[Records supplied]

------------------------------

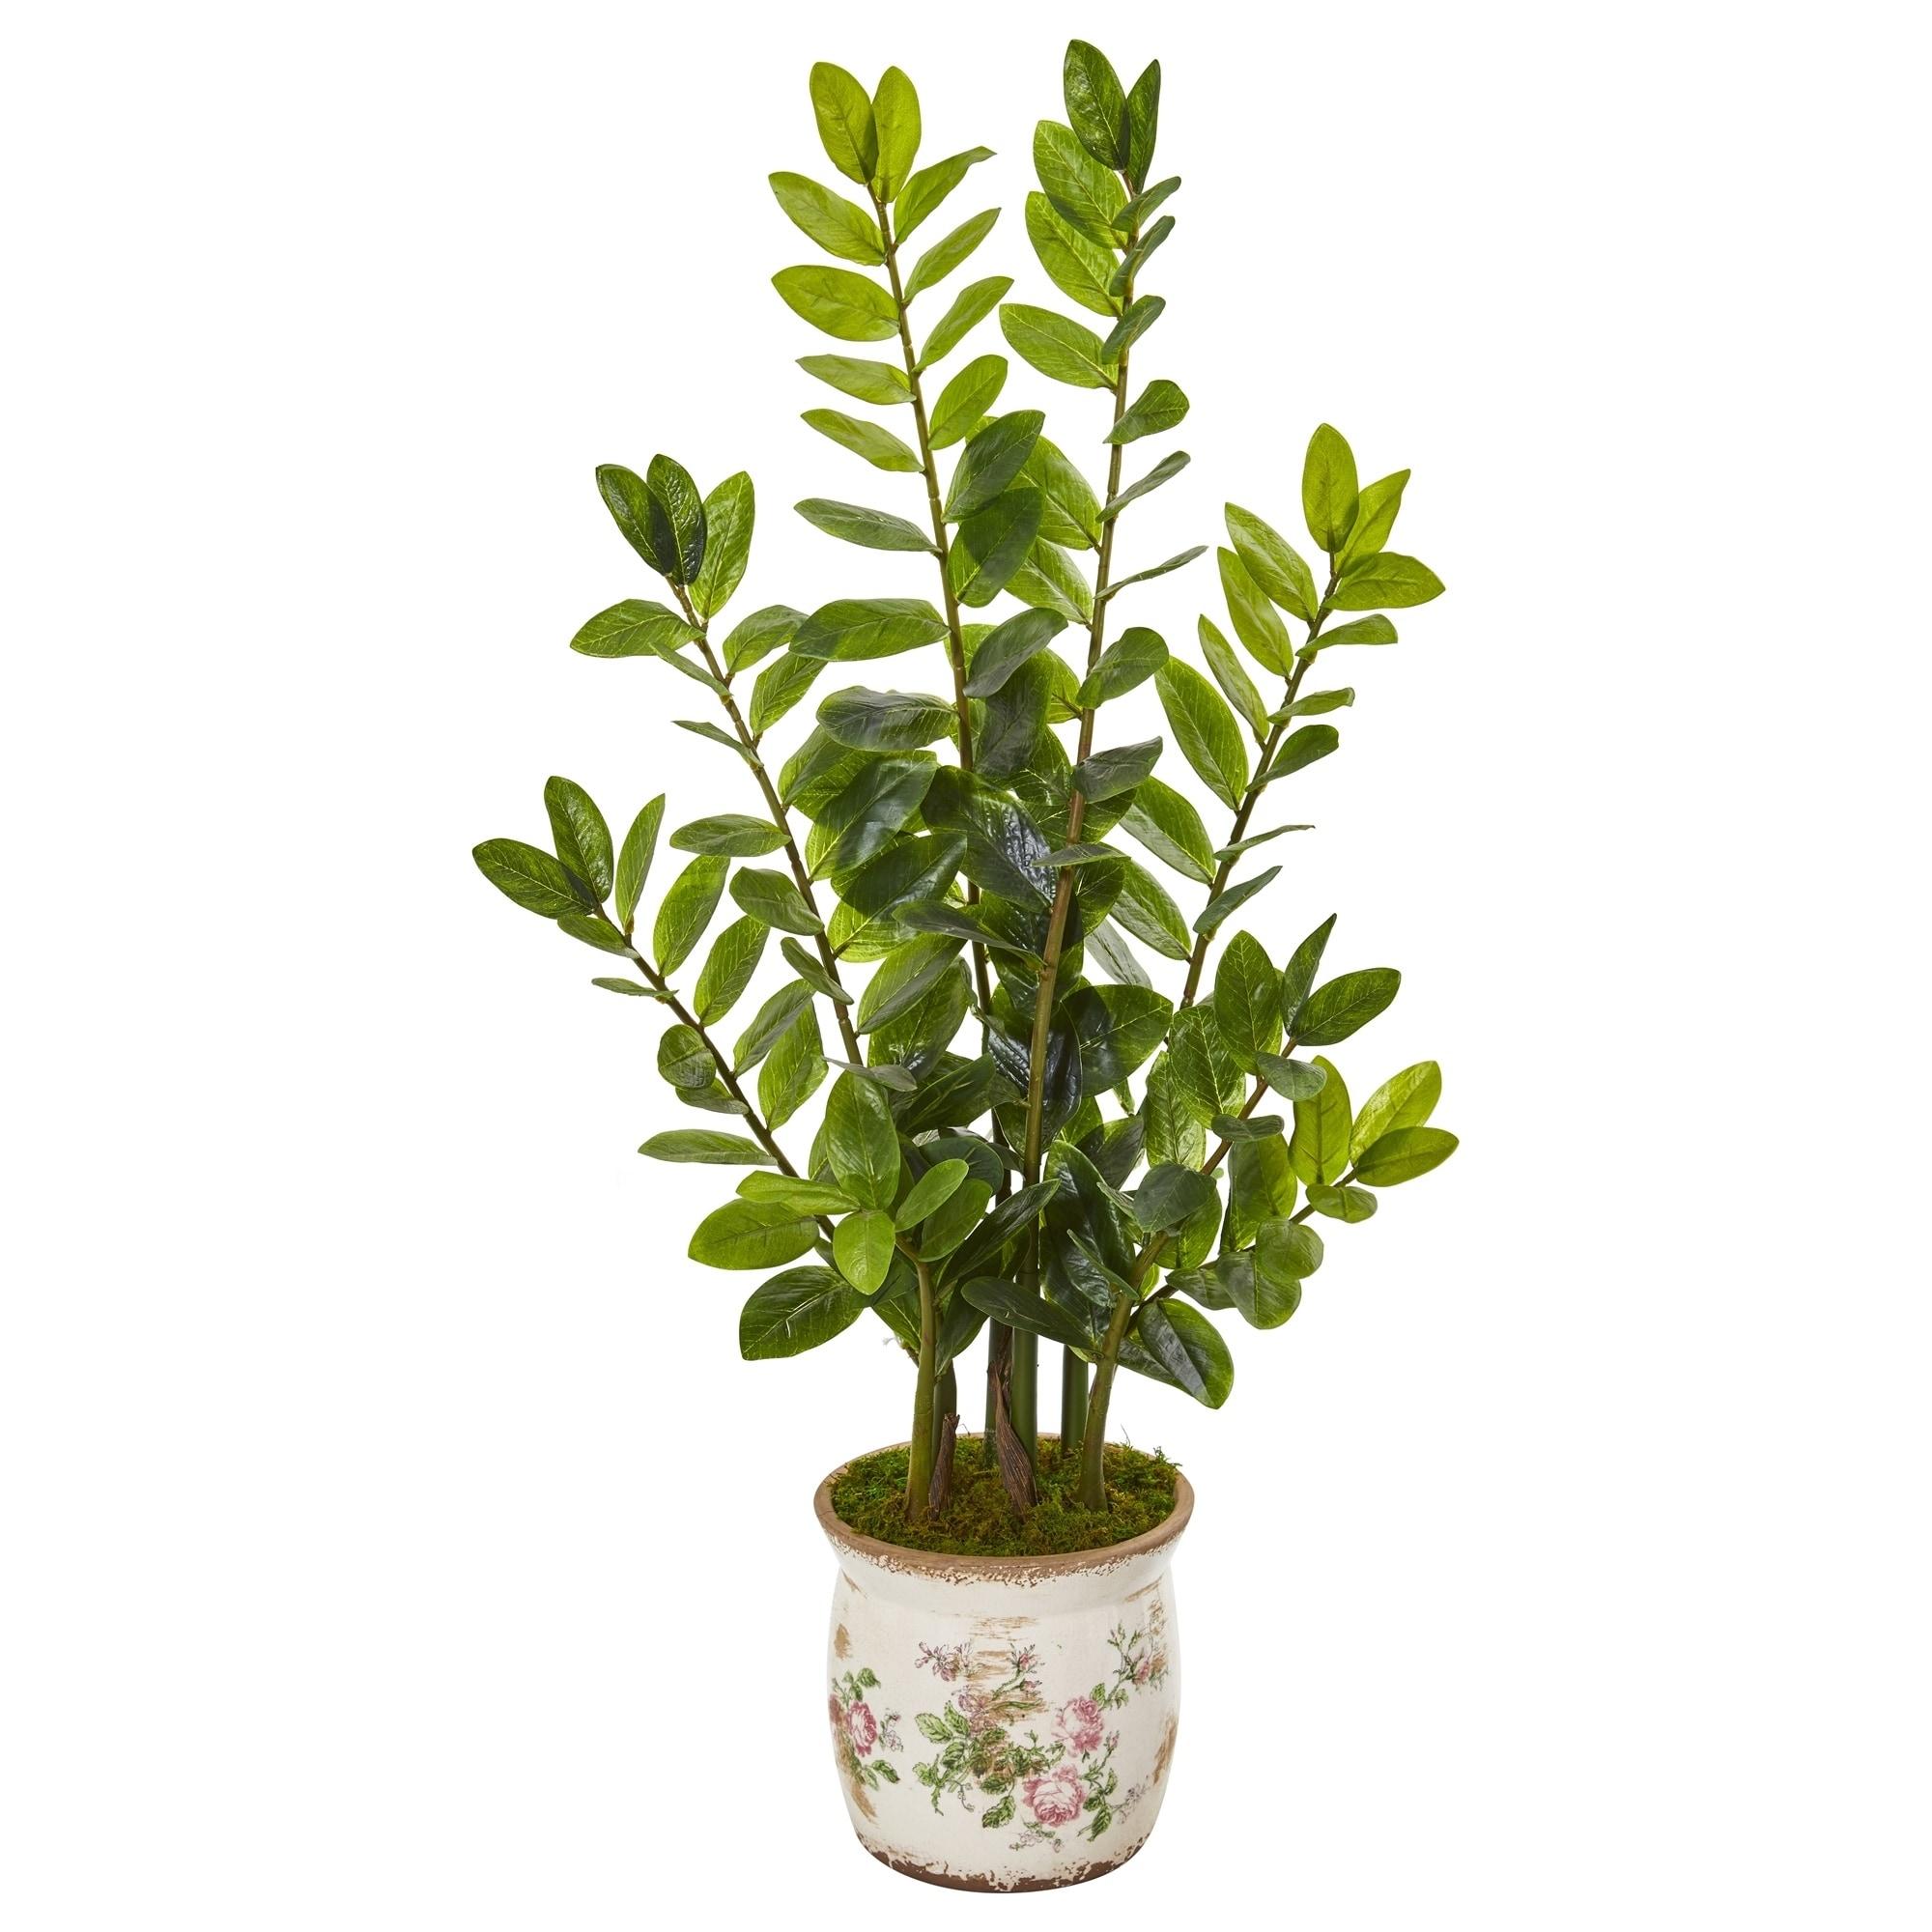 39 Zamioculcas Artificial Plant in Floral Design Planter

------------------------------

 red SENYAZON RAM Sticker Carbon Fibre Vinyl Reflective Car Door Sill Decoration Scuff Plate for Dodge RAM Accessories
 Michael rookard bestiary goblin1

------------------------------

[Work item] Extract exactly and only the lines above from the line containing "red SENYAZON RAM" through the line containing "Michael rookard bestiary goblin1", both end lines included.

[Written answer]
 red SENYAZON RAM Sticker Carbon Fibre Vinyl Reflective Car Door Sill Decoration Scuff Plate for Dodge RAM Accessories
 Michael rookard bestiary goblin1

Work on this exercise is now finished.